Draw and use ray diagrams for the formation of a virtual image by a converging lens

Cambridge IGCSE Physics - Thin Lenses (Virtual Images)

Thin Lenses - 3.2.3 Virtual Images with Converging Lenses

This section explains how to draw and use ray diagrams to understand the formation of virtual images by converging lenses. A virtual image is an image that cannot be projected onto a screen; it appears to be behind the lens.

Key Concepts

Converging Lens: A convex lens that bends light rays inwards.
Object Distance (u): The distance of the object from the lens.
Image Distance (v): The distance of the image from the lens.
Focal Point (f): The point where parallel rays of light converge after passing through the lens.
Object Position: For virtual images, the object is placed between the focal point and the lens.
Image Characteristics: Virtual images formed by converging lenses are always upright and magnified.

Ray Diagram Construction

To draw a ray diagram for a virtual image formed by a converging lens:

Mark the Lens: Draw a curved line representing the converging lens. Mark the principal axis and the focal point (f) on this line.
Position the Object: Mark the position of the object (o) on the principal axis, such that it lies between the focal point (f) and the lens.
Draw the Rays: Draw three rays originating from the top of the object:
- Ray 1: A ray parallel to the principal axis passes through the focal point (f).
- Ray 2: A ray passing through the focal point (f) continues straight on.
- Ray 3: A ray passing through the optical centre (centre of the lens) does not diverge.
Locate the Image: The image is formed where the extensions of the refracted rays meet. This intersection point is where the virtual image is located.
Measure Image Distance: Measure the distance between the lens and the image point. This is the image distance (v).

Ray Diagram Example

Suggested diagram: A converging lens with an object placed between the focal point and the lens. Ray 1 is parallel to the axis passing through f, Ray 2 passes through f, and Ray 3 passes through the optical centre. The refracted rays are shown diverging backwards, meeting at a point behind the lens.

Lens Formula

The lens formula relates the object distance (u), image distance (v), and focal length (f) of the lens:

$$ \frac{1}{f} = \frac{1}{u} + \frac{1}{v} $$

For virtual images, the image distance (v) is negative.

Magnification

The magnification (m) of a lens is the ratio of the height of the image (h') to the height of the object (h):

$$ m = \frac{h'}{h} = -\frac{v}{u} $$

For virtual images, the magnification is negative, indicating that the image is inverted (although it appears upright). The absolute value of the magnification indicates the size of the image relative to the object.

Example Calculation

A converging lens has a focal length of 20 cm. An object is placed 10 cm to the left of the lens. Calculate the image distance and the magnification.

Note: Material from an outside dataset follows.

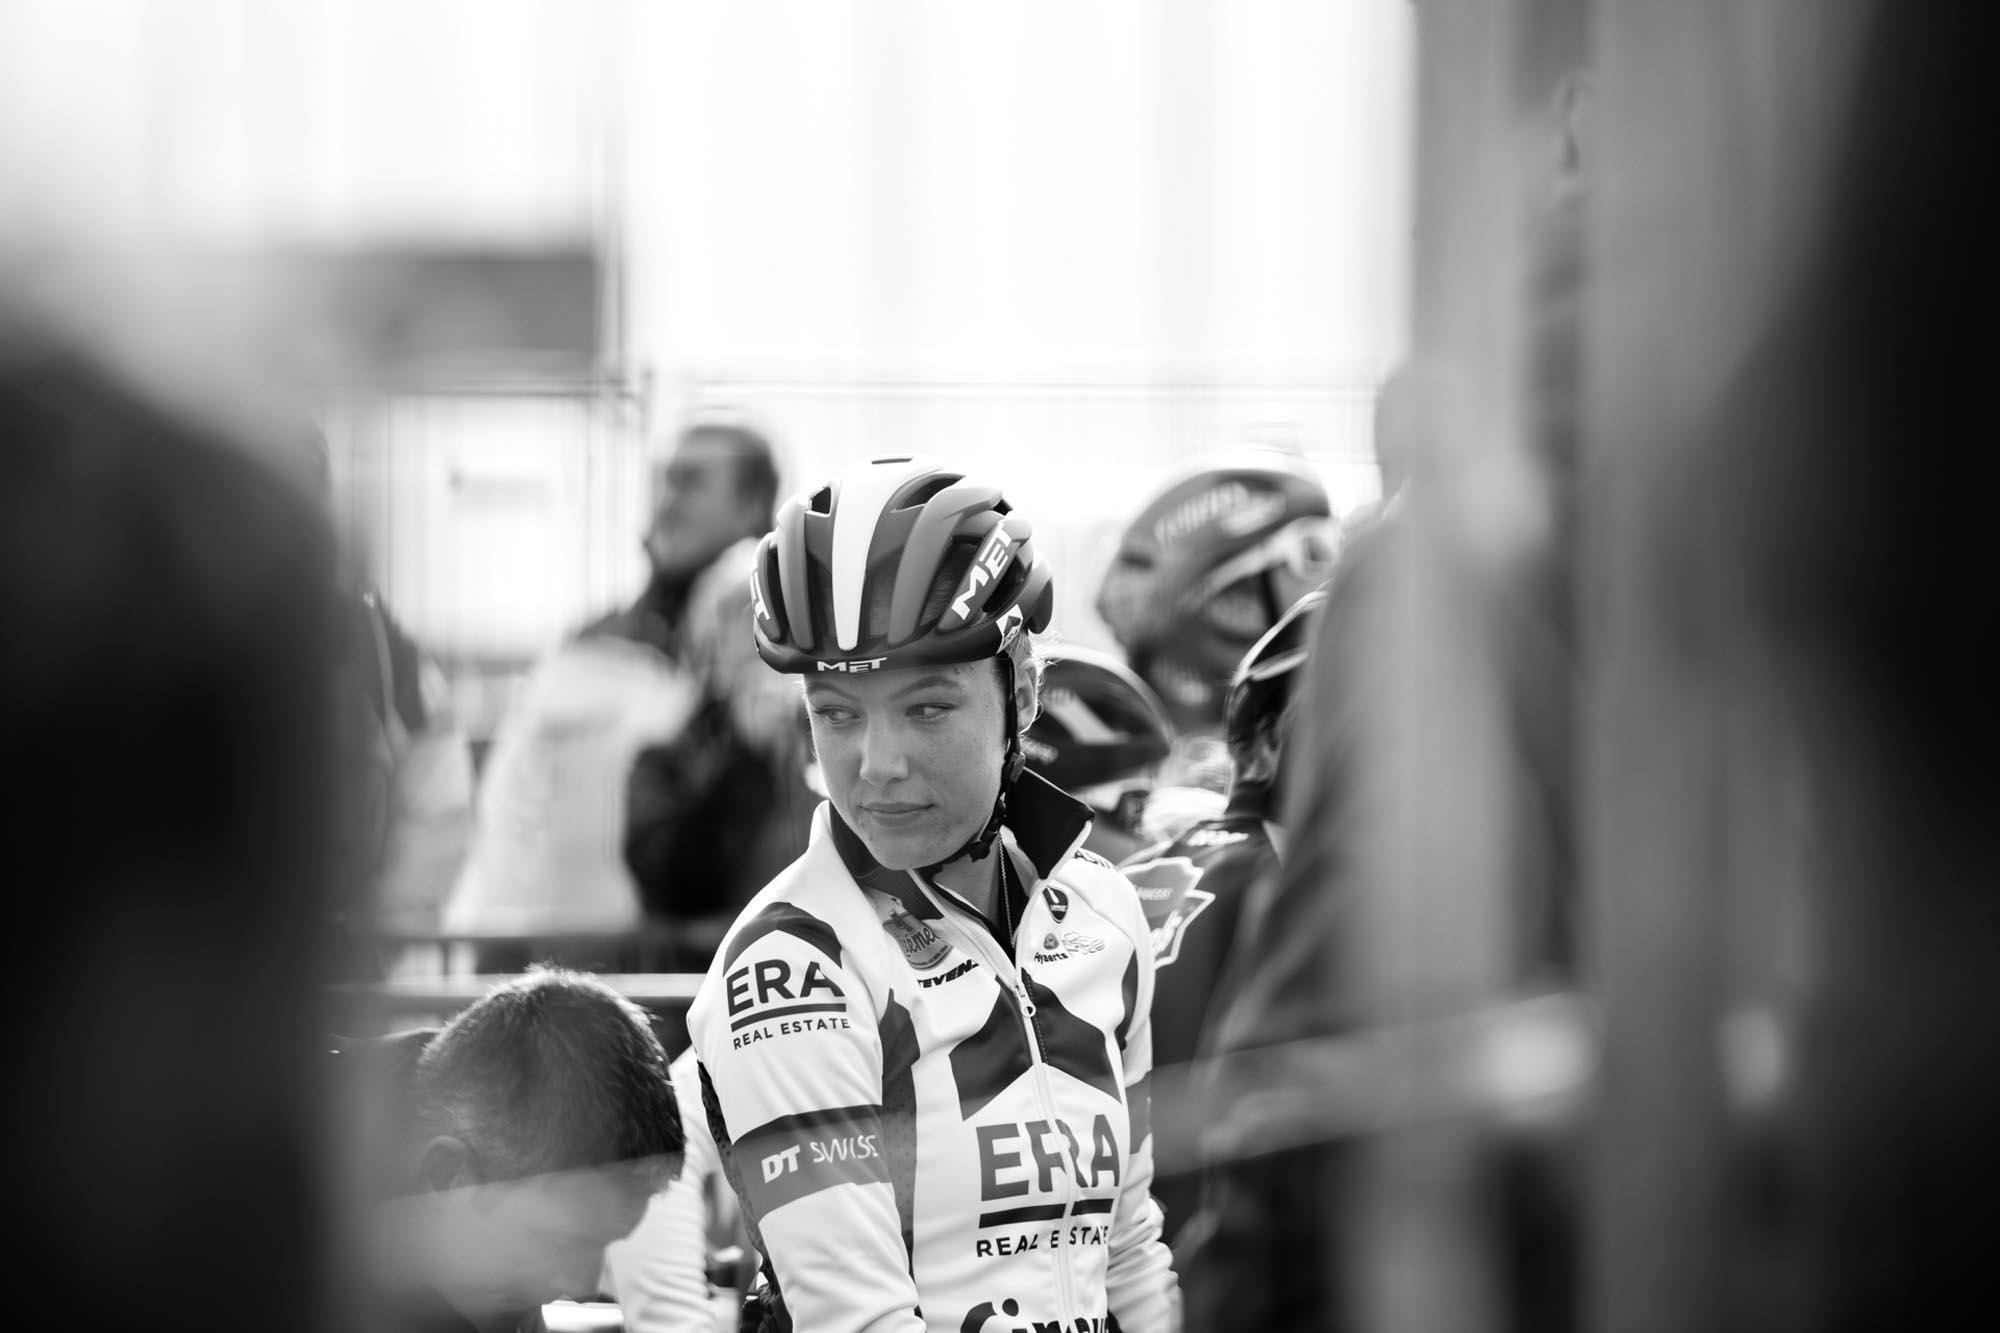 met helmets cyclocross era circus day8 6

Given: $f = 20 \, cm$, $u = -10 \, cm$ (negative because the object is to the left of the lens)

Using the lens formula:

$$ \frac{1}{20} = \frac{1}{-10} + \frac{1}{v} $$ $$ \frac{1}{v} = \frac{1}{20} + \frac{1}{10} $$ $$ \frac{1}{v} = \frac{1}{20} + \frac{2}{20} = \frac{3}{20} $$ $$ v = \frac{20}{3} \, cm \approx 6.67 \, cm $$

The image distance is approximately 6.67 cm to the right of the lens. Since the image distance is positive, the image is virtual.

Calculate the magnification:

$$ m = -\frac{v}{u} = -\frac{20/3}{-10} = \frac{20}{30} = \frac{2}{3} $$

The magnification is 2/3. This means the image is 2/3 the size of the object and appears upright.

Summary

By understanding the ray diagrams and the lens formula, we can analyze the formation of virtual images by converging lenses. These images are always upright and magnified, and their position and size can be determined using these tools.